Playing Doom On Keysight Oscilloscope Via Windows CE

We all know the drill when buying a digital oscilloscope: buy the most hackable model. Some choose to void the warranty right away and access features for which the manufacturer has kindly provided all the hardware and software but has disabled through licensing. Few of us choose to tap into the underlying embedded OS, though, which seems a shame.

When [Jason Gin]’s scope started giving him hints about its true nature, he decided to find a way in. The result? An oscilloscope with a Windows desktop that plays Doom. The instrument is a Keysight DSOX1102G which [Jason] won during the company’s “Scope Month” giveaway. Relatively rare system crashes showed the familiar UI trappings of Windows CE.
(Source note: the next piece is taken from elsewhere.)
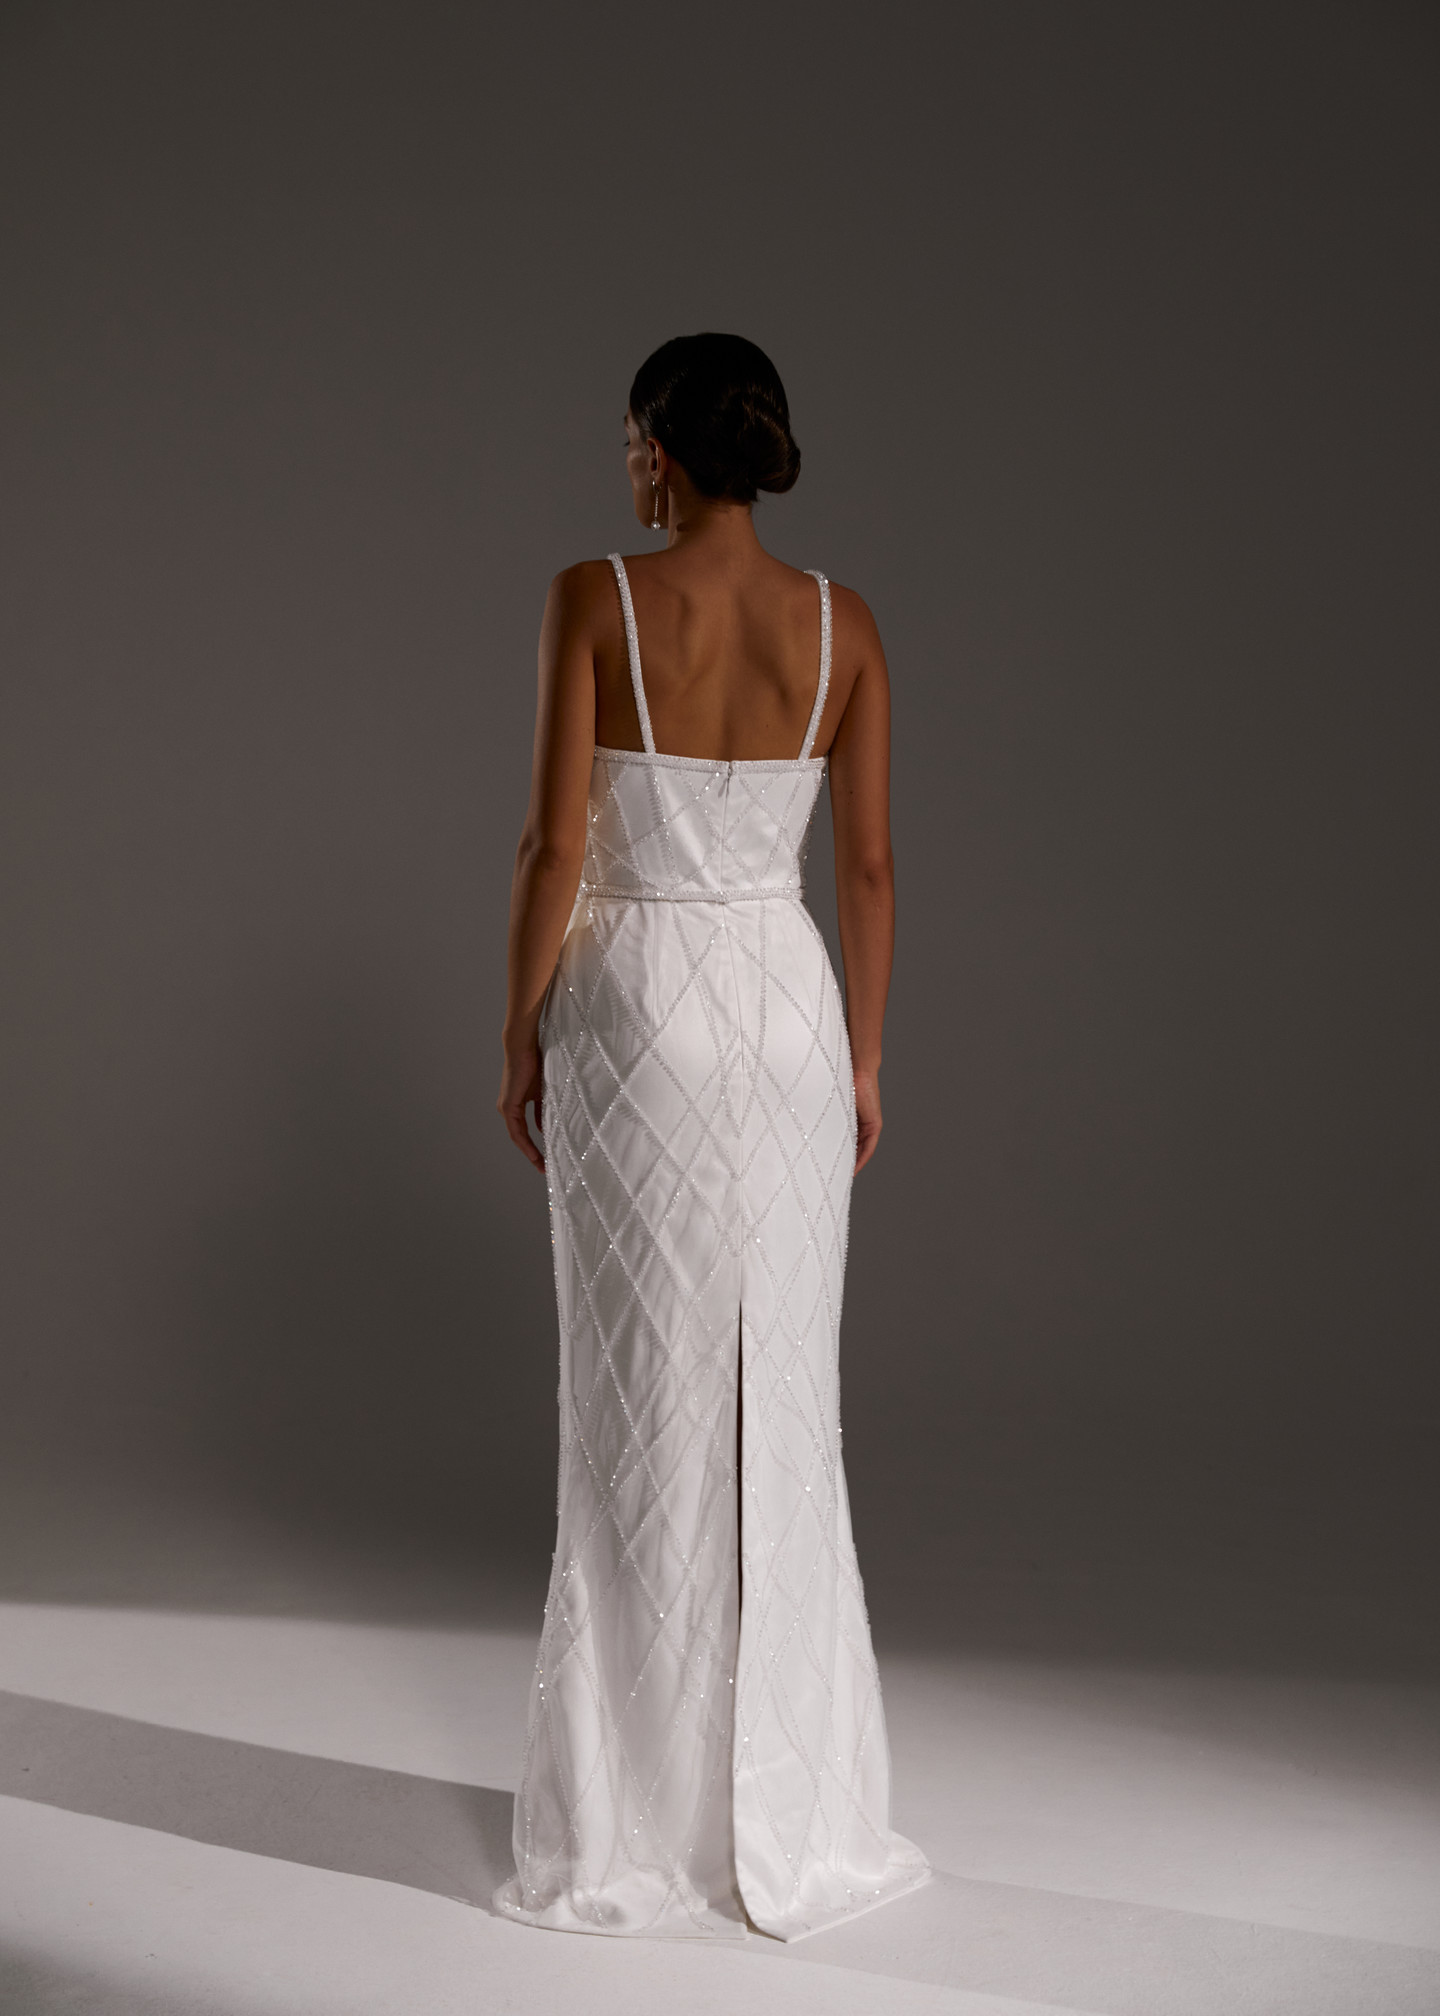 Carla dress, 2021, couture, dress, bridal, off-white, embroidery, sheath silhouette

Try as he might, [Jason] couldn’t get the scope to crash on cue — at least not until he tried leaving an external floppy drive plugged into the USB port on startup. But in order to use the desktop thus revealed, a keyboard and mouse were needed too. So he whipped up a custom USB switch cable, to rapidly toggle in the keyboard and mouse after the crash. This gave him the keys to the kingdom, but he still had a long way to go. We won’t spoil the story, but suffice it to say that it took [Jason] a year and a half, and he learned a lot along the way.

It was nice to hear that our review of the 1000X series scopes helped [Jason] accomplish this exploit. This hack’s great for bragging rights, as one way to prove you’ve owned a system is telling people it runs Doom!
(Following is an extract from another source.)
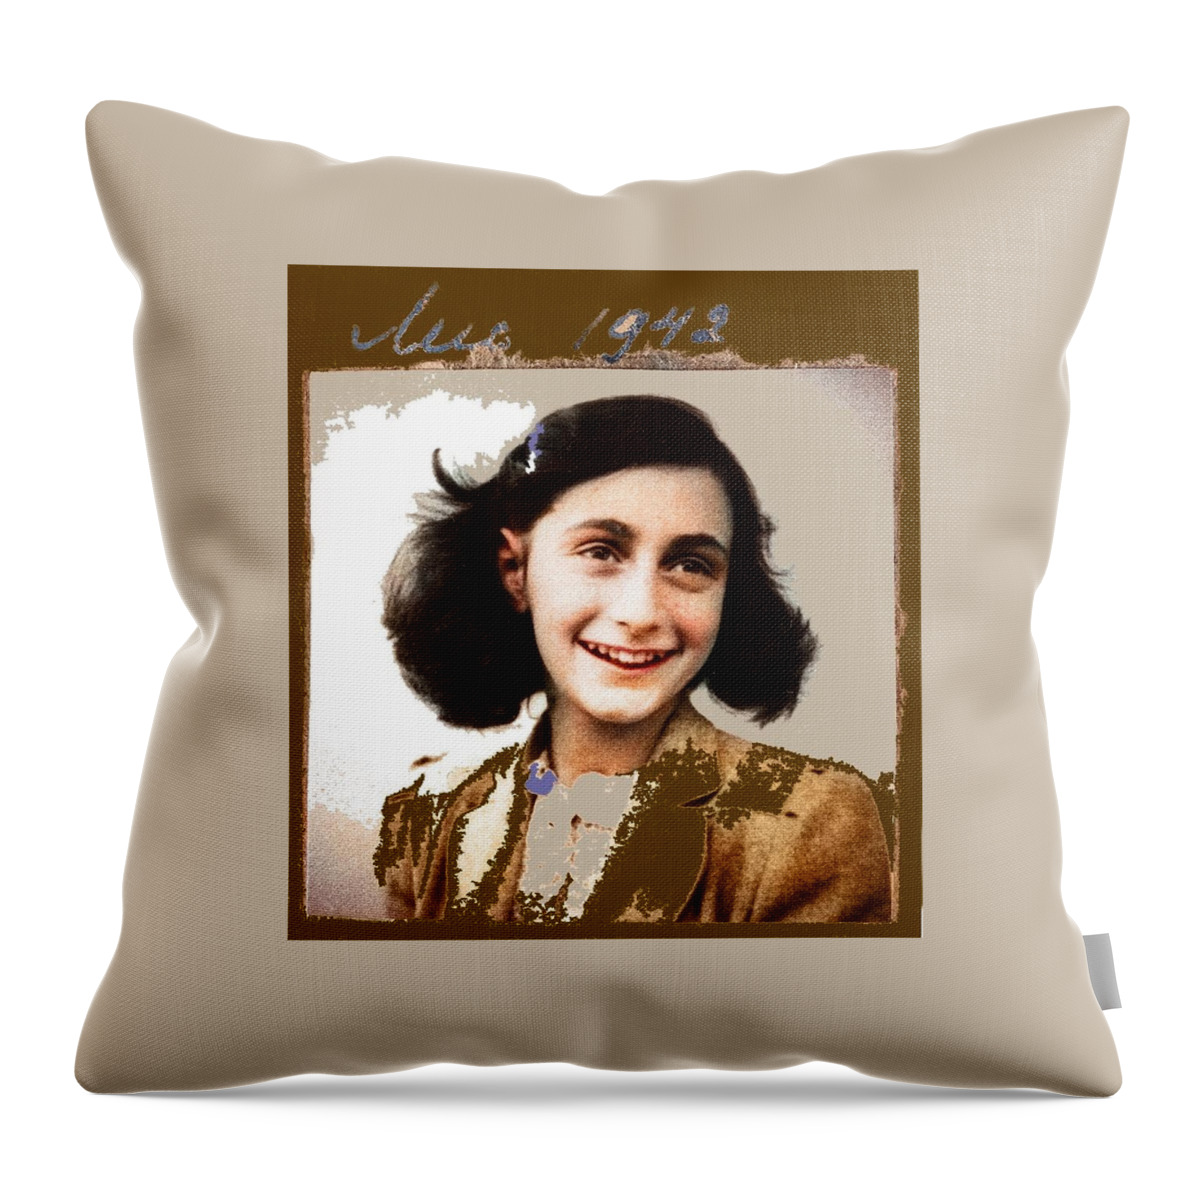 Anne Frank 1942 Throw Pillow featuring the photograph Anne Frank 1942-2015 by David Lee Guss

22 thoughts on “Playing Doom On Keysight Oscilloscope Via Windows CE

  1. My HP 54601A DSO came with Tetris from the factory
    #1 Power on the scope
    #2 Press the buttom “Print/Utility” once
    #3 Hold “function bottom” (the 6 buttoms beneath the display) 2 and 3 down at the same time, for half a second

    Now your ready to play a game of Tetris!

    1. Instead of completely exiting the scope app can it be windowed? Is there networking? How about being able to surf HaD, construction articles, datasheets, etc… on the same device at the same time as the scope.

      Actually… I think I don’t want a standalone scope now. I want a scope on an expansion card for a desktop. Really, if my scope is going to be a computer then why do I still have a separate computer on my bench too? Give it a healthy open source application and Linux support and it’s a winner!

      (No, not a USB dongle for a laptop. Not enough bandwidth)

      Of course.. the “I” in what I am saying is kind of hypothetical. My scope is still analog with a CRT and a nice new digital one with comparable bandwidth is NOT in my budget!

      1. Yeah, it’s possible (at least on the LeCroy) to minimize or windowing the scope application. The Rohde & Schwarz devices running windows even have got a windows button to open the start menu.

        In the LeCroy, there’s something like a MiniATX-Board with all the connections like USB, PS/2, VGA, Network on the side. And it’s an Intel with 1.3GHz and 512MB RAM. Once you exit/minimize the scope program, it is just and ordinary desktop pc with expensive analog hardware and a resistive touch screen

      2. I think you’d be better with USB, maybe USB 3 could be fast enough, and some optical isolation. You don’t want an onboard card with freaky voltages, frequencies, and whatever else, in your already noisy and sensitive PC. Actually they make scopes, expensive ones, with Ethernet, don’t they? That should do the trick.

        Meanwhile you need a cheap digital camera, and some black cardboard. Adapt your scope into “digital”, see the results on your PC screen!

      3. There are lots of smaller, cheaper scopes out now that work the same as the big, integrated versions but just have an ethernet or USB port on the back so you just work it from a nearby computer instead. They aren’t exactly cheap but its cheaper than buying something with a built-in screen.

  2. “Relatively rare system crashes showed the familiar UI trappings of Windows CE.”
    Ughh. I would get crazy having Windows crashing or freezing on my scope. I feel lucky I don´t have a Windows ´scope.

    1. +1
      Good old DS1102E does not crash (but it did mess up my usb key at least once).
      This remembers me (is this correct english??) an old navigation system which runs Windows CE. If you connect the device to a computer it will show up as mass storage so it is easy to replace the programms running on the thing. I installed a cross-compiler, did a “hello world” and searched for some docs but never really did anything more, its not really useful for me and quite complicated stuff.

    2. I use a tektronix scope that runs linux. You can’t exit out to a shell or run your own code since you can only interface to the scope software that runs on top but the firmware updates are clearly linux squashfs filesystems. I’m sure there’s a way to get a shell prompt but I’m not looking to break a $5k scope I don’t own to mess around with linux when a raspberry pi costs $35.

      1. View it on Youtube, the guy gives a brief description and a link to a more complex one.

        Briefly, it’s a customised Quake engine running on a laptop, which does all the hard work of generating vectors etc. Then the vectors are sent out as a 96KHz stereo audio signal, controlling the scope in X-Y mode. So the magic is in the software.